The RDMA implementation, which was
previously deprecated is removed from IBM® SDK, Java Technology Edition, Version 8.
RDMA socket or thread creation failed
A JSOR problem can occur where a thread or Remote Direct Memory Access (RDMA) socket cannot be created. This problem can be caused by running concurrent connections over RDMA transport.
Possible causes
- RDMA socket buffers are by default pinned, or memory locked. A restricted memlock setting in your environment can result in a failure to create or register new RDMA sockets.
- When you are running concurrent connections, each RDMA socket implicitly uses a file descriptor for event tracking. If the maximum user open files limit is too low, socket creation can fail.
- When you are running concurrent connections, thread creation failure can be caused by a maximum user process limit that is too low.
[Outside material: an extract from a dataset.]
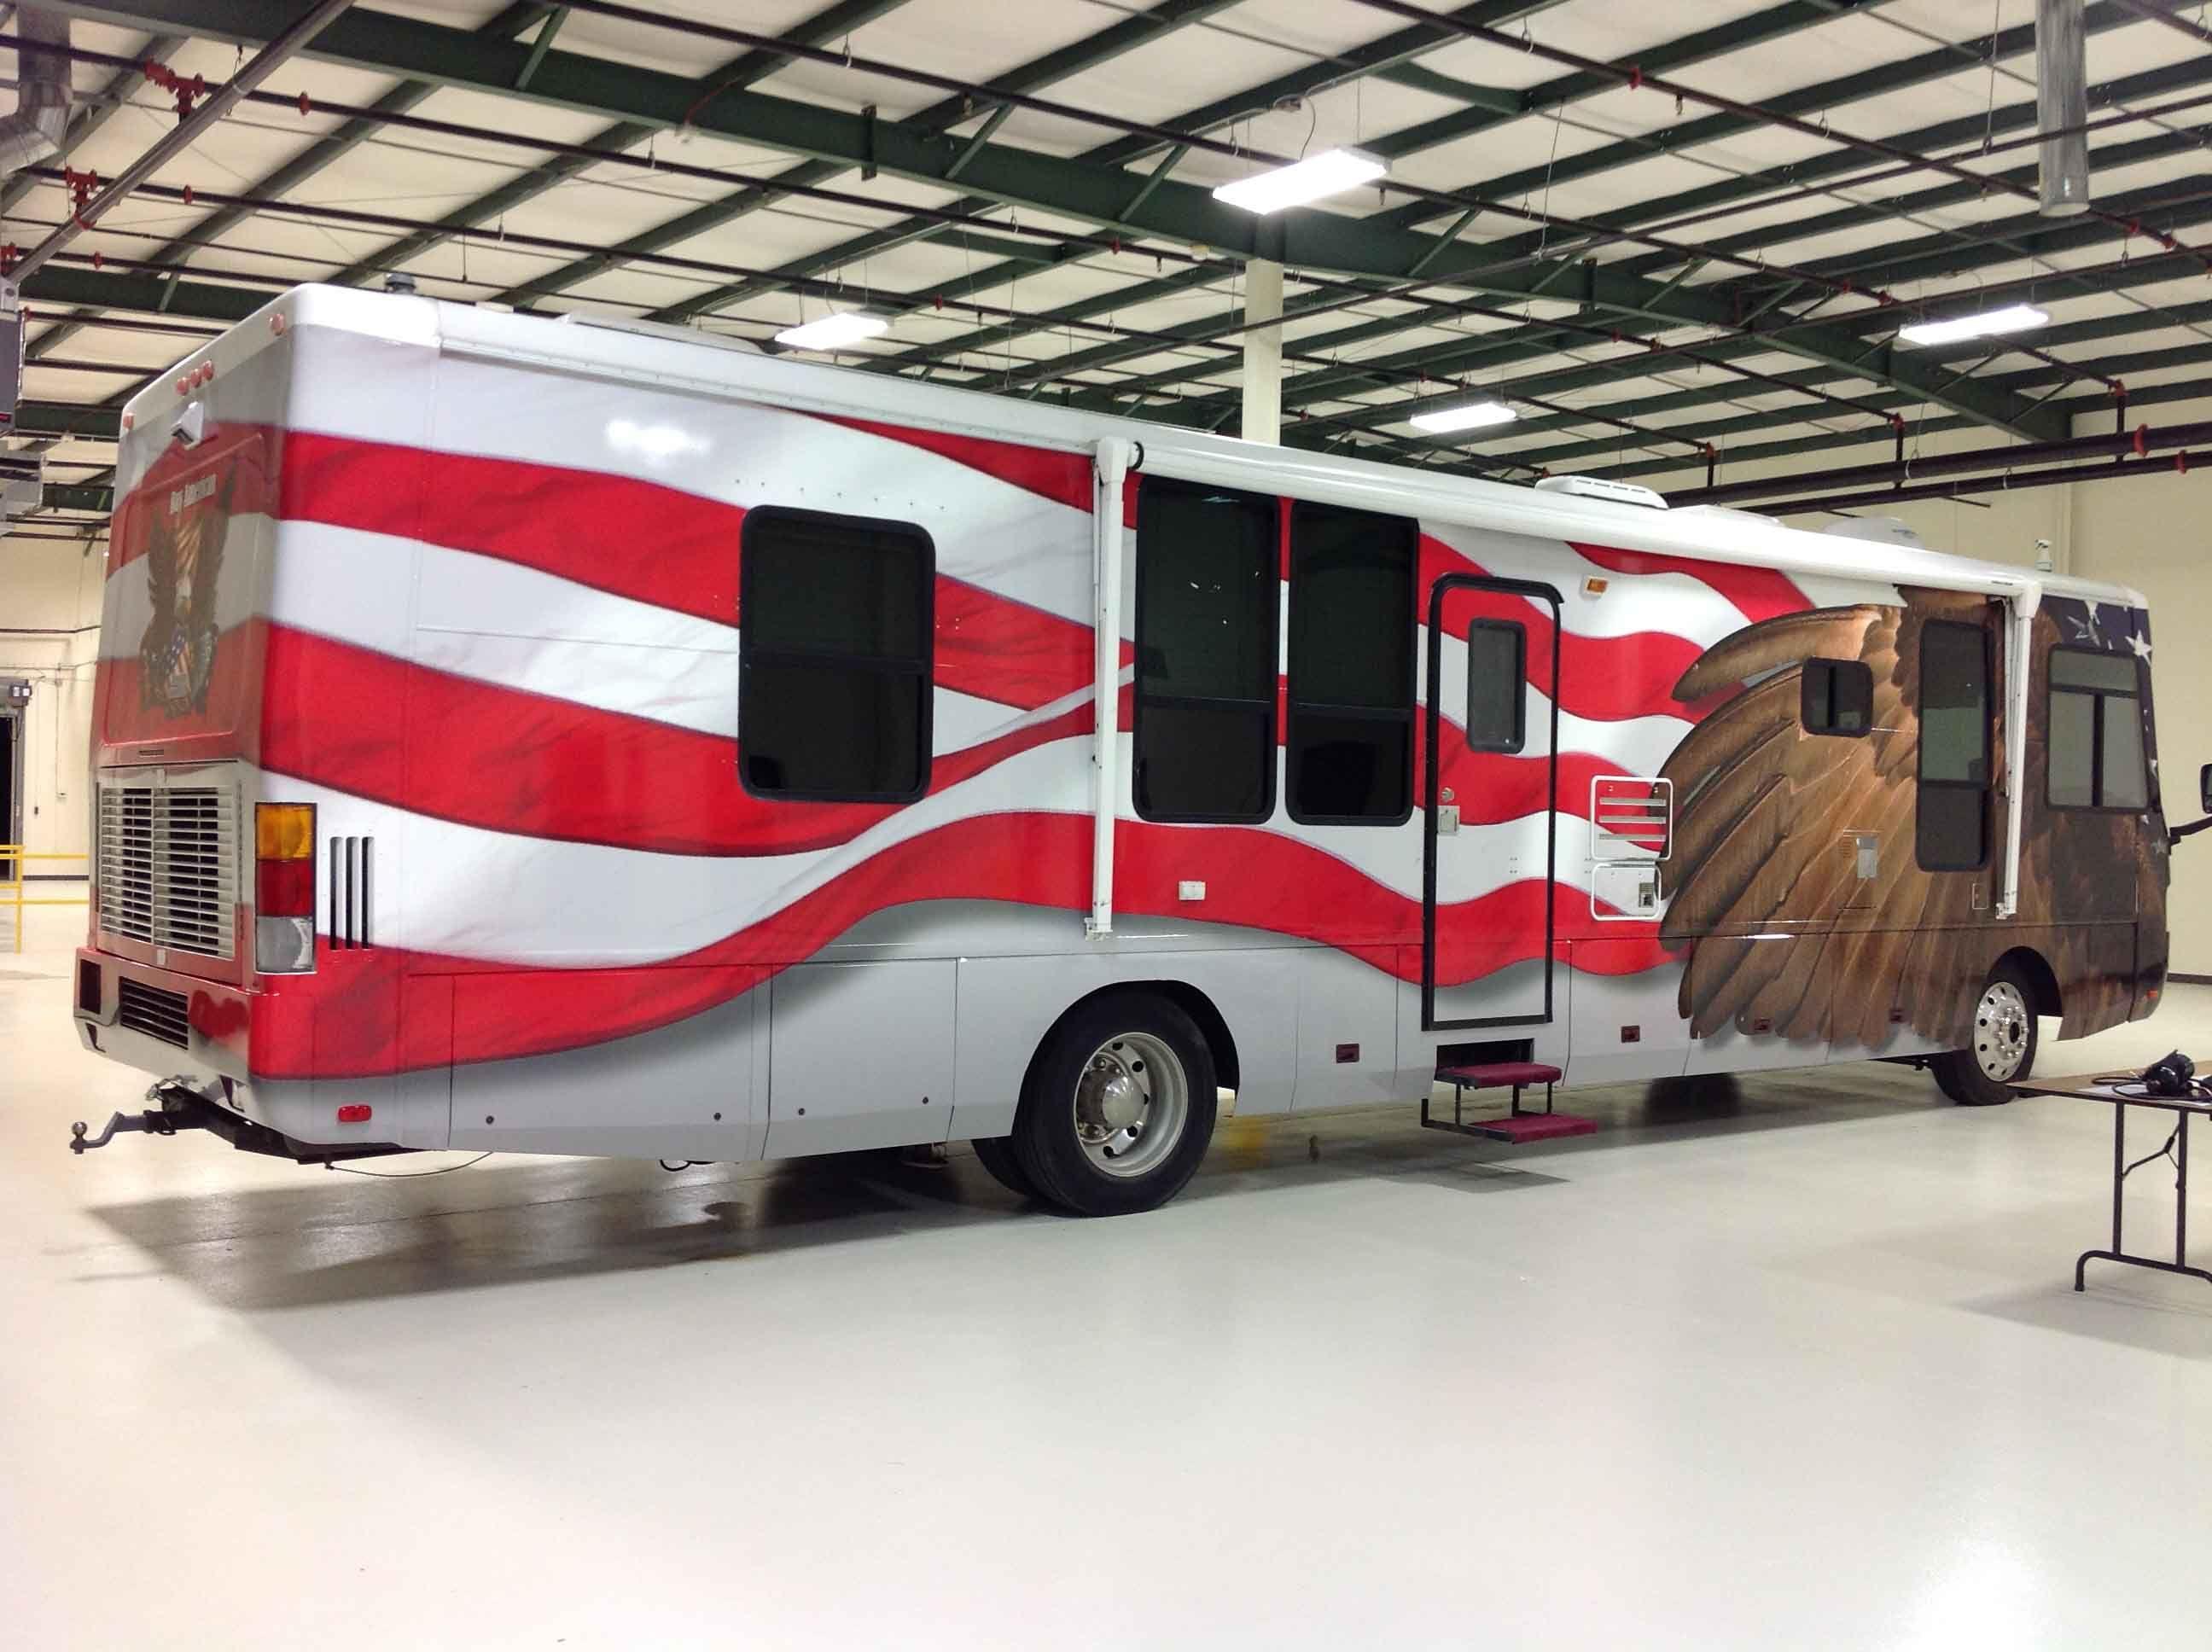 American Flag RV Side | Memorial Day Remeberance | Vehicles

For more information, see the following technote: java.lang.OutOfMemoryError while creating new threads.
Mitigation
- To avoid socket creation failures, check your
ulimit -lsetting and change your memlock setting to an appropriate value based on the usage of the socket buffers. - To avoid socket creation failures when you are running concurrent connections, check your
ulimit -nsetting and change your nofile setting to an appropriate value based on the scalability requirements of the application. - To avoid thread creation failures when you are running concurrent connections, check your
ulimit -usetting and change your nproc setting to an appropriate value based on the scalability requirements of the application.
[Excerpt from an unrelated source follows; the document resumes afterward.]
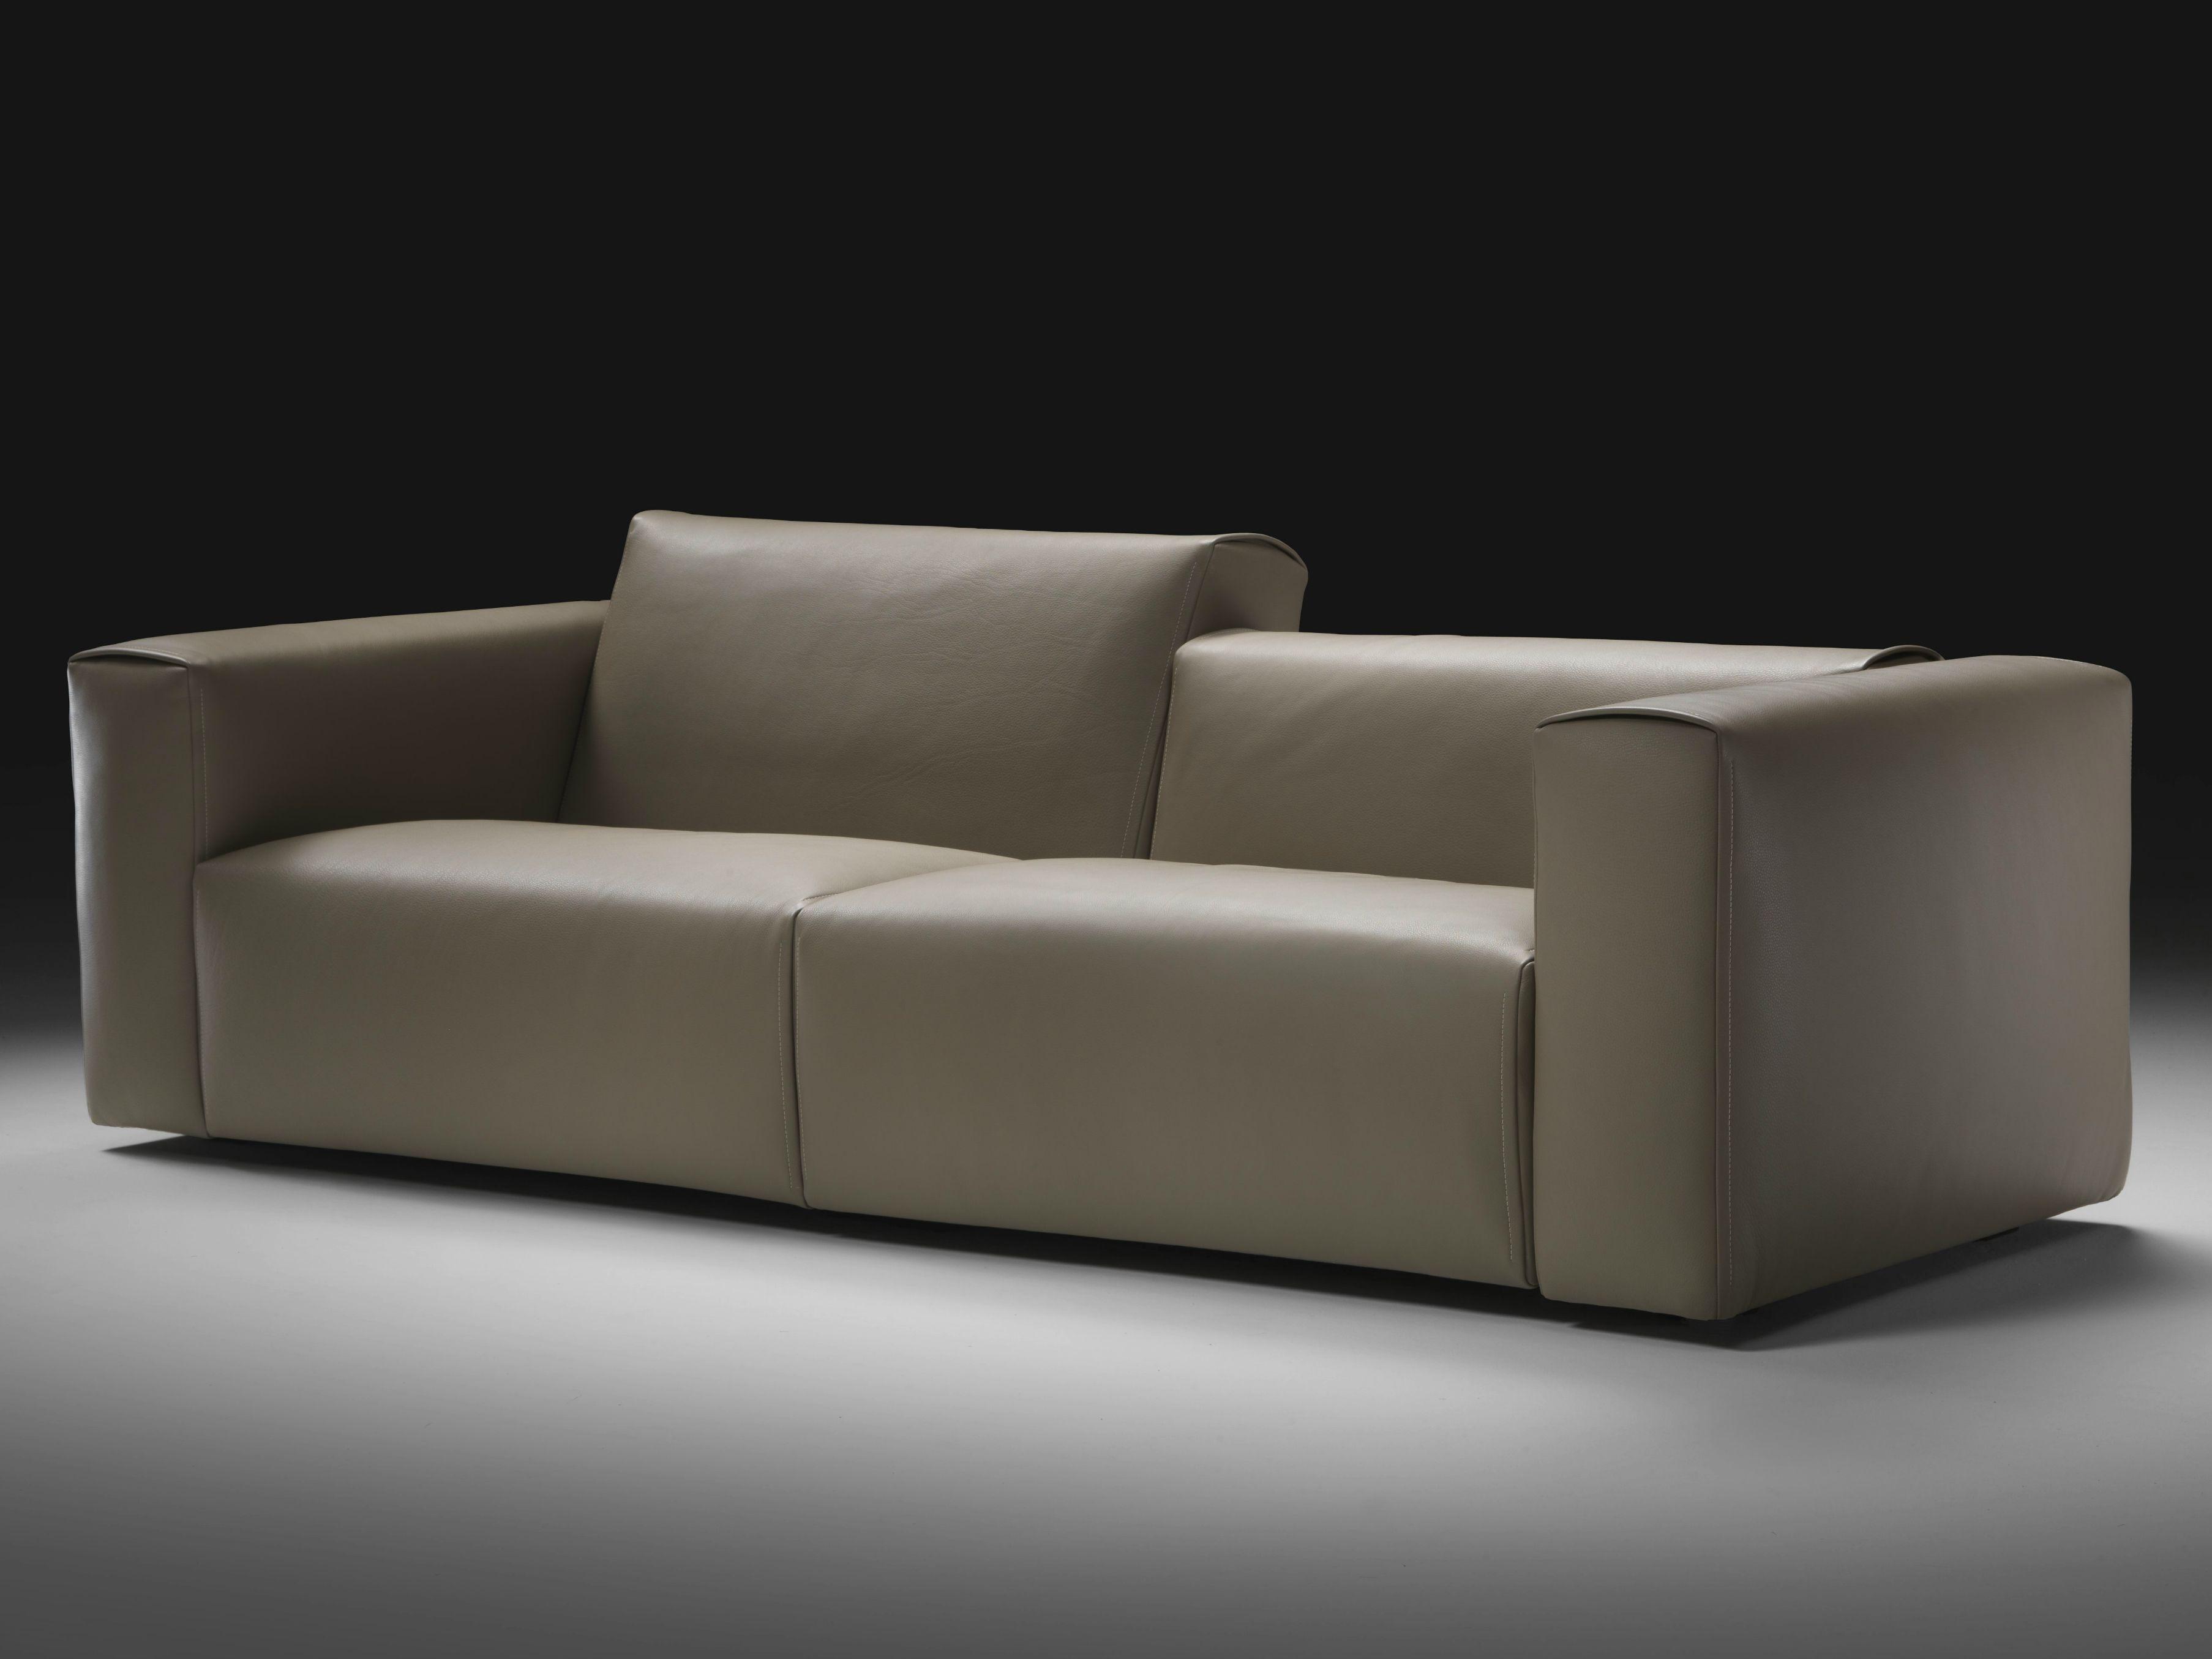 Valencia leather recliner sofa uk sofa review - Sofas a medida valencia ...

RDMA Network provider initialization failure
A JSOR problem can occur where the Remote Direct Memory Access (RDMA) network provider initialization fails on a 64-bit Linux operating system when you are running a 32-bit JVM.
During the RDMA network initialization stage, the JSOR runtime environment checks for the availability of compatible OFED runtime libraries. If the runtime environment cannot locate and load the librdmacm.so and libibverbs.so 32-bit libraries, you might see this problem. To avoid the problem, install the 32-bit OFED runtime libraries alongside the usual 64-bit libraries on a 64-bit Linux® machine.
RDMA connection failed
A JSOR problem can occur where a Remote Direct Memory Access (RDMA) client fails to connect to an RDMA server.
Client and server on the same host
If the client and server are on the same host, this behavior is expected because there is currently no support for RDMA loop back. For a successful connection, both client and server should be on different hosts connected by an InfiniBand switch through the RDMA network interface adapters.
Client and server on different subnets
The RDMA client and server should be on the same network, connected by a common InfiniBand switch and managed by a single subnet manager. If your RDMA client and server must be on different subnets, ensure that inter-network switching and packet forwarding is enabled at the hardware and software levels.
Client and server on the same subnet
If the client and server are on the same subnet, a connection failure could be caused by incorrect client or server configuration files, or an incorrect InfiniBand setup on one or both hosts.
Ensure that the rule entries in your configuration files are defined correctly, as described in -Dcom.ibm.net.rdma.conf (Linux only).
- Ensure that each host that is involved in the communication has an appropriate InfiniBand host channel adapter or RDMA network interface card with valid InfiniBand addresses (interfaces that begin with the prefix ib).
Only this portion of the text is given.